Sweet Champagne Surging! Yes!

Yoze,

Yet another example of sweet wines taking over the wine world. It appears that despite what wine snobs, wine critics and the wine media want, the public is actually demanding sweeter champagnes done in the sec and higher styles.

Personally, I love Moet’s Nectar Imperial and Veuve Cliquot’s Demi-Sec. I keep hoping to eventually find a doux or moelleux Champagne that I can jump all over someday.

Has anyone tried Vazart-Coquart’s La Special Foie GRAS sec?

The public always wants sweeter.

I’ve been happily exploring the world of brut zero wines. I am willing to be non-public, and they can take all the sugar from my champagne and put it in Tran’s!

Enjoy your diabetes.

Most Champagnes taste pretty sweet to me.

I thought white zin had already taken over

lol

You are stuck in the 1980s

I had it earlier this year at the winery and was underwhelmed…

Mike

While the Inniskillin sparkling IceWines are overpriced, if you can get a good deal on one, they are a marvelous sweet champagne-styled wine.

I have always felt this, and I have long wondered if this is universal, or if they “sweeten them up” for the US market. Chandon White Star was made specifically for the American market, I believe, and it was horribly sweet. Just another reason I often reach for non-Champers sparkly. Better value, and the flavor profile is frequently more to my liking.
It is an age-old adage in the biz: people talk dry, but drink sweet.

Next you’ll tell me Duran Duran has no hit videos on MTV.

Tran -

Serious question: Do you ever drink a dry wine?

@Robert: I am rapidly developing a liking for Pinot Noir, especially from Burgundy and Germany. Also, I was introduced to Montrachet last night and as an avowed ABC (Anything But Chardonnay) charter member… it just absolutely blew me away. So there is some hope for me yet. A very small one, mind you, but it’s there :smiley:

Considering where Champagne started rs wise, one could consider this a going back to tradition movement.

I know someone who like sweet drinks (especially champagne), so I just soda stream her some German Riesling…lol.

“Speaking of Lanson’s decision to launch its sec style White Label (with 32g/l dosage) last year, Beavis says, “We noticed a strong consumer preference for a slightly off-dry style… With a younger audience coming into Champagne and brought up on Prosecco, a lot of new customers have a preference for something slightly sweeter.””

Huh.

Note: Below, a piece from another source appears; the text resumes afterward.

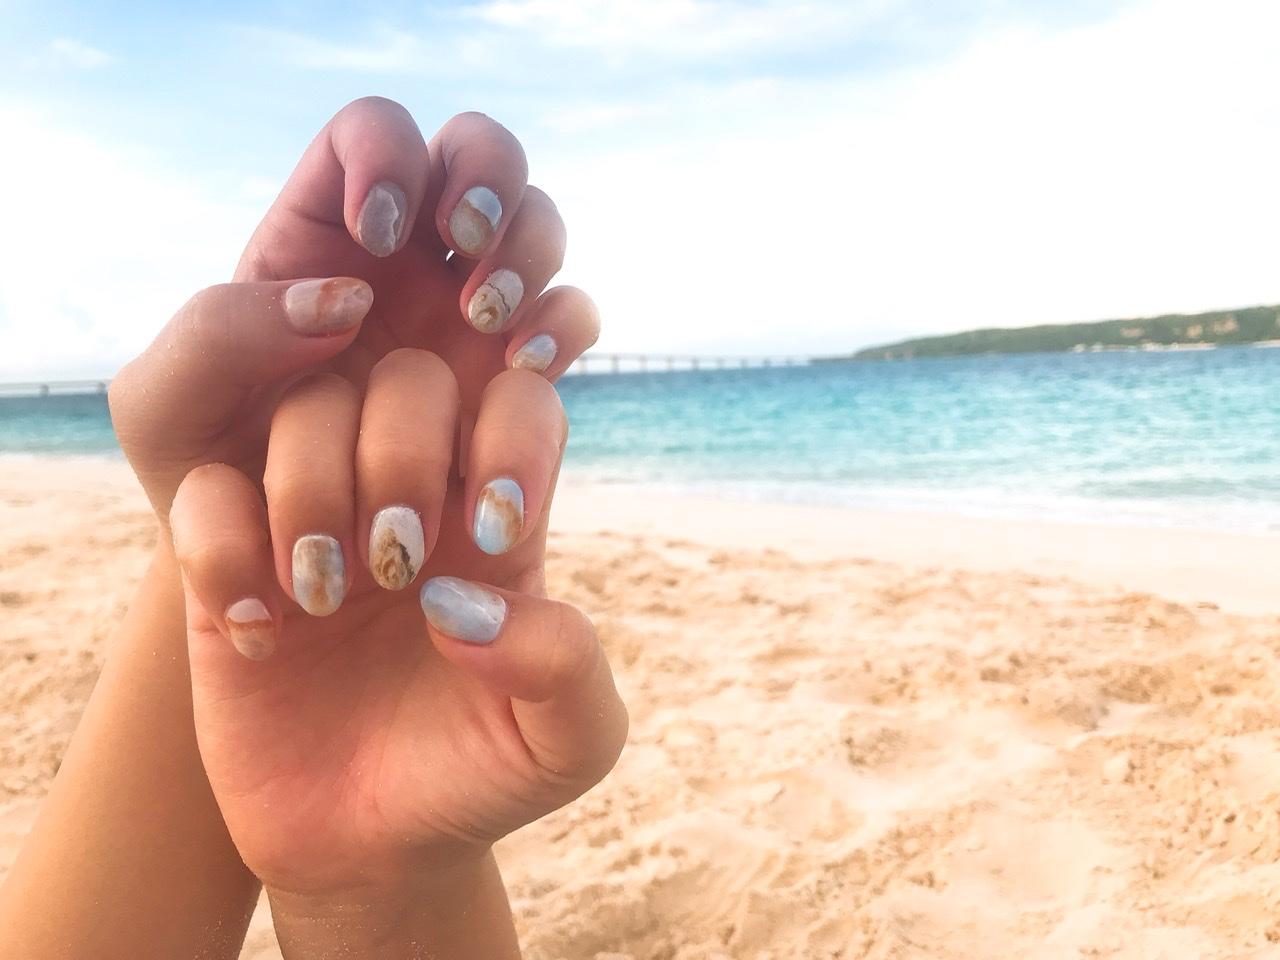 【夏ネイル・マニキュア】ビーチで映える夏にぴったり砂浜ネイル_1

Huh. Huh. Beavis, you said coming. Huh. Huh.

Tran,

On a more serious note, have you ever let either Moët and Veuve DS warm up close to room temperature?

Are they f*ck.

PR puff.

The few times I have had Demi-Sec, I must say I have never let it get as warm as room temperature as I prefer my sparkling wines to have a chill on them. It’s just personal taste for me. I find them more refreshing that way.